Plugin doesn't isn't shown anymore but still exists
Hi,
I was creating a plugin in order to correct a weird behavior of one of our engine : while syncing a Teradata table to HDFS using the TDCH engine, dates (in a "%Y-%m-%D" format) are imported as dates in the schema even though they are strings.
I created a plugin recipe that copy the synced HDFS dataset to another using spark and modify the schema of our new dataset using the API in order to set the dates to string (which is the real format of our data) .

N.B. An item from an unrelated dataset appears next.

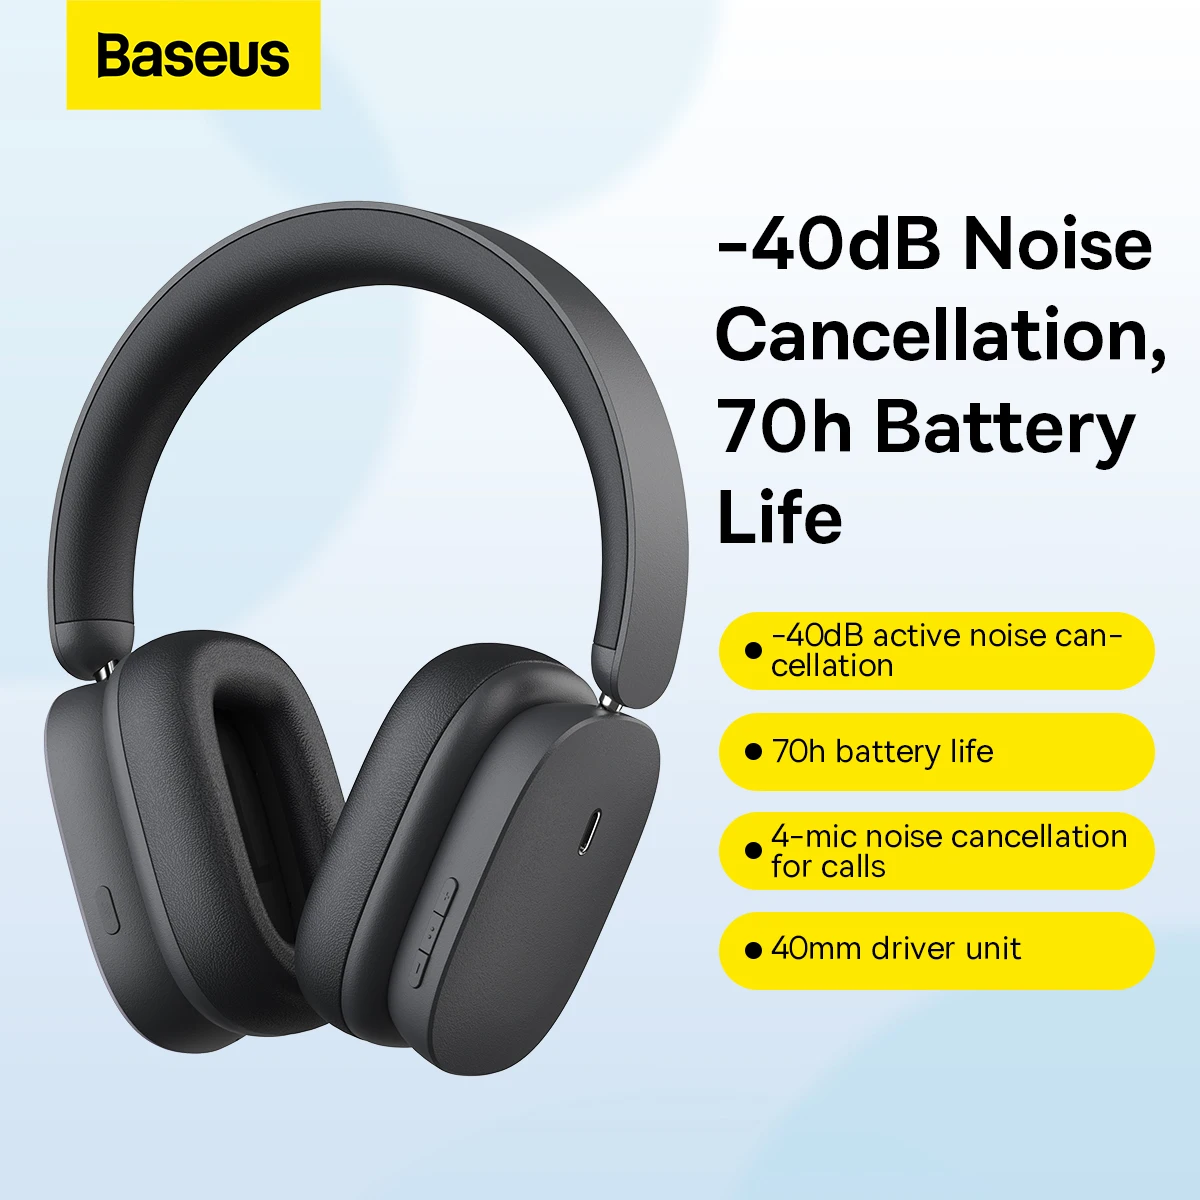 

Baseus H1 ANC Bluetooth 5.2 Headsets Wireless Headphones, 40db Active Noise Cancellation, 70h Battery Life, 40mm Driver Unit

The plugin didn't work because of multiple reasons :
- First, the pyspark module wasn't available (Error in Python process: At line 4: <type 'exceptions.ImportError'>: No module named pyspark) so we created a code environment dedicated to the plugin in order to fix it ;
- From there, pyspark was correctly imported and the session created. But when we tried to retrieve the dataframe we had an error(Error in Python process: At line 23: <class 'py4j.protocol.Py4JJavaError'>: An error occurred while calling o23.classForName).
So I thought it was maybe due to the fact that I had specified the pyspark version (to 2.4.0) in the root folder and in the code-env/specs/python/requirements.txt.
Here I commented all my lines in my "requirements.json" in order to check the effect of this one because it was the first time I was using it and here the bug happened:
- I could not access the plugin anymore (plugin_exists_but_doesnt.PNG) ;
- I cannot create another plugin with the same id (creating_plugin_same_id_fail.PNG) ;
- I ask the admin to see if he could download the plugin from the machine itself and he did.
In conclusion : the plugin still exists with everything but cannot be accessed due to the requirements.json being empty.
I tried to access it by modifying the url address but the editor isn't available.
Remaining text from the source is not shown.